By SUSAN LAHEY
Reporter with Silicon Hills News
Kenny Van Zant, executive with Asana—a web and mobile software application that allows teams to work together without email—spoke Wednesday afternoon at Capital Factory on “Building a Culture of Accountability.”
Asana’s accountability system distributes tasks, measures results and provides clarity. Asana has yearly strategy and vision sessions and periodic committee meetings to make sure it’s producing the right results. The meetings are open to everyone.
Asana doesn’t actually aim for 100 percent success on key results. Seventy percent—a number stolen from Google management—is considered success. In fact, while the AOR system is Asana’s invention, they borrowed many other management approaches from employees who worked at places like Google and Facebook. What works stays; what doesn’t goes.
Missions and Values
Every company should have a mission explaining why the company exists, Van Zant said. But then it should have values like house rules. Some of Asana’s values include “Transparency by default” and “Wisdom over rules.” When the company hired a finance guy he wrote a long list of rules about the company’s finance policies. Van Zant asked him to rewrite it so it would be more fun to read and more in line with “Wisdom over rules.” The document came back considerably shorter, basically explaining how people get reimbursed and encouraging them to “Spend Asana’s money like it’s your own.”
Asana does not believe in micromanaging its employees, Van Zant said. A manager’s job is to ask questions like “How are we organized? How well do we function?” The team, he said, has areas of responsibility and it’s not his job to know all the things they’re doing and be in control but to help them manage their growth and careers and “unblock” them.
“I managed for 20 years before this model, and I found the most stressful thing for a manager is feeling like you had to have your arms wrapped around everything,” Van Zant said. “Their failure is my failure. Their pain is my own pain’s messed up for managers. That’s just not right.”
They practice peer to peer communication. If an employee has a question, needs help or has an issue with the way someone else is functioning, they don’t invoke the bell curve: I talk to my manager, my manager talks to your manager, your manager talks to you, with scheduled meetings and memos all along the way. That’s what Van Zant calls “Work about work” and it takes up a huge amount of time and energy.
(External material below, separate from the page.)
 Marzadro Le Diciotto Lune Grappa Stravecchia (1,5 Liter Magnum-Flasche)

Instead, people talk to those who have the answer, or the issue, directly.
Their idea is to be “tightly aligned but loosely coupled,” Van Zant said. So everyone is working toward the same goals but doing so independently and only coming together at certain points.
Learning to Trust
The hardest part, he said, is trust. A company mantra is “Everyone has a genius.”
“The root word of genius is every person had a genius…and their skills were different from yours….,” Van Zant said. “My job is to get out of the way and let them offer it. It requires so much trust. You have this temptation where you want to be in their shorts, wondering what they’re doing at every moment of the day…. Ten years ago I would not have been able to do this.”
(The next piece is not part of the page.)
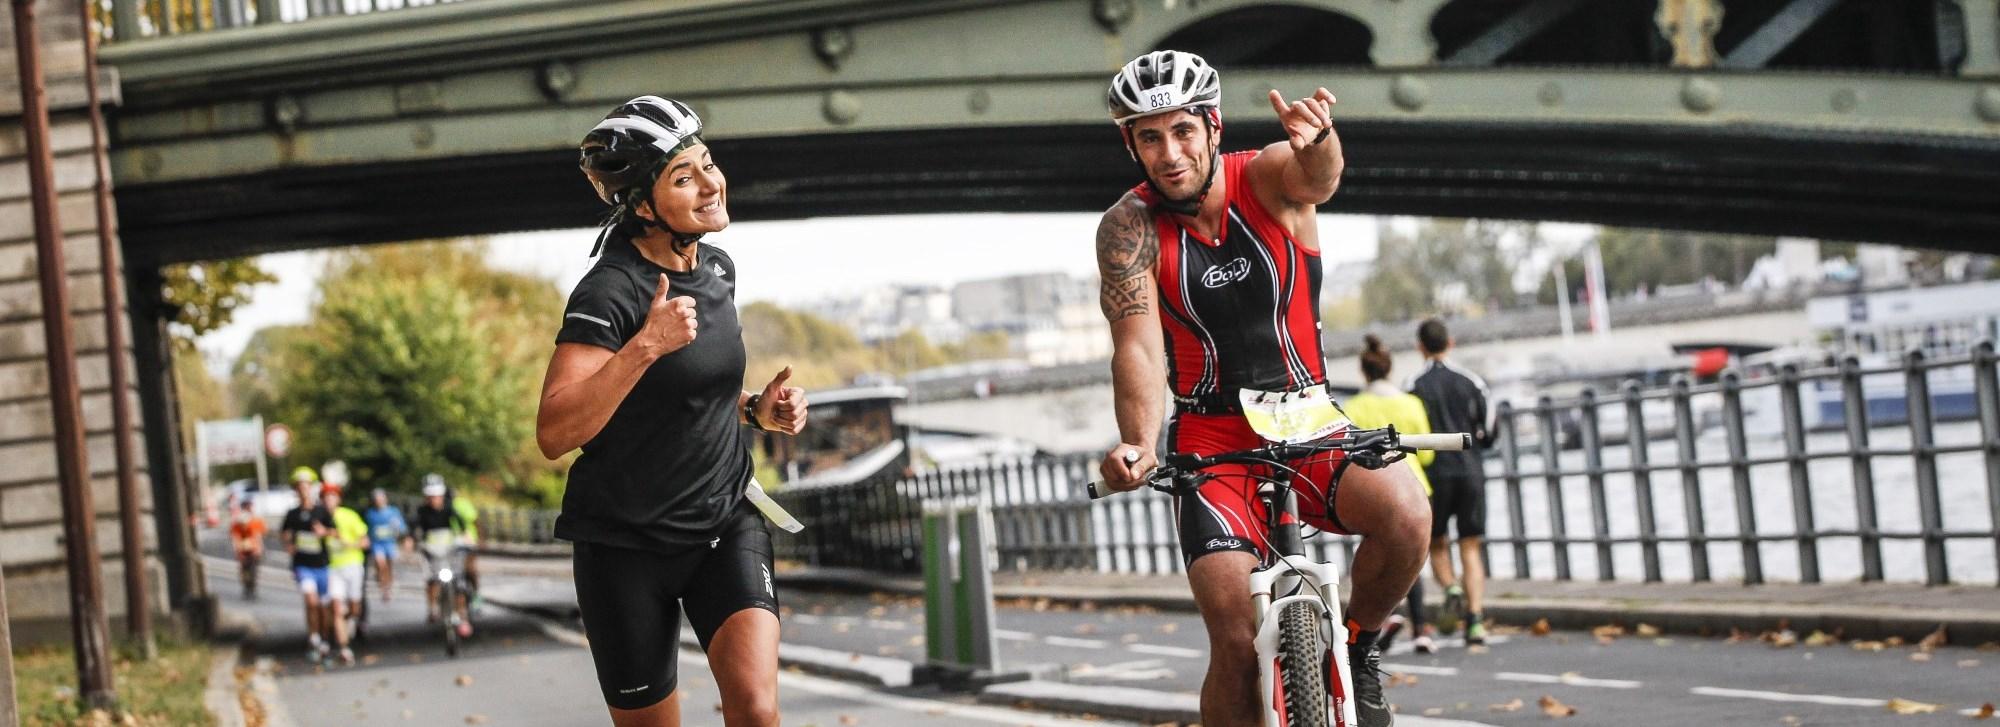 triathlon paca

People are paid according to seniority, performance and other factors, Van Zant said.
“It’s the manager’s job to see people are compensated fairly,” Van Zant said. “The compensation strategy is part of the mentorship and career guidance…we don’t really connect performance with salary. That just breeds a bunch of bizarre neuroses.” If they see someone is over reaching on AORs, they’ll check in with that person as to whether they can hand off a responsibility or whether they need to hire more people. “You get an egolessness when this system is implemented,” he said. “You don’t see examples of people amassing control. It’s more like ‘Do you want this responsibility? I don’t want to step on your toes.’ It becomes very polite.”
Asana has launched a marketing campaign in Austin and is advertising with Silicon Hills News. This is a sponsored post.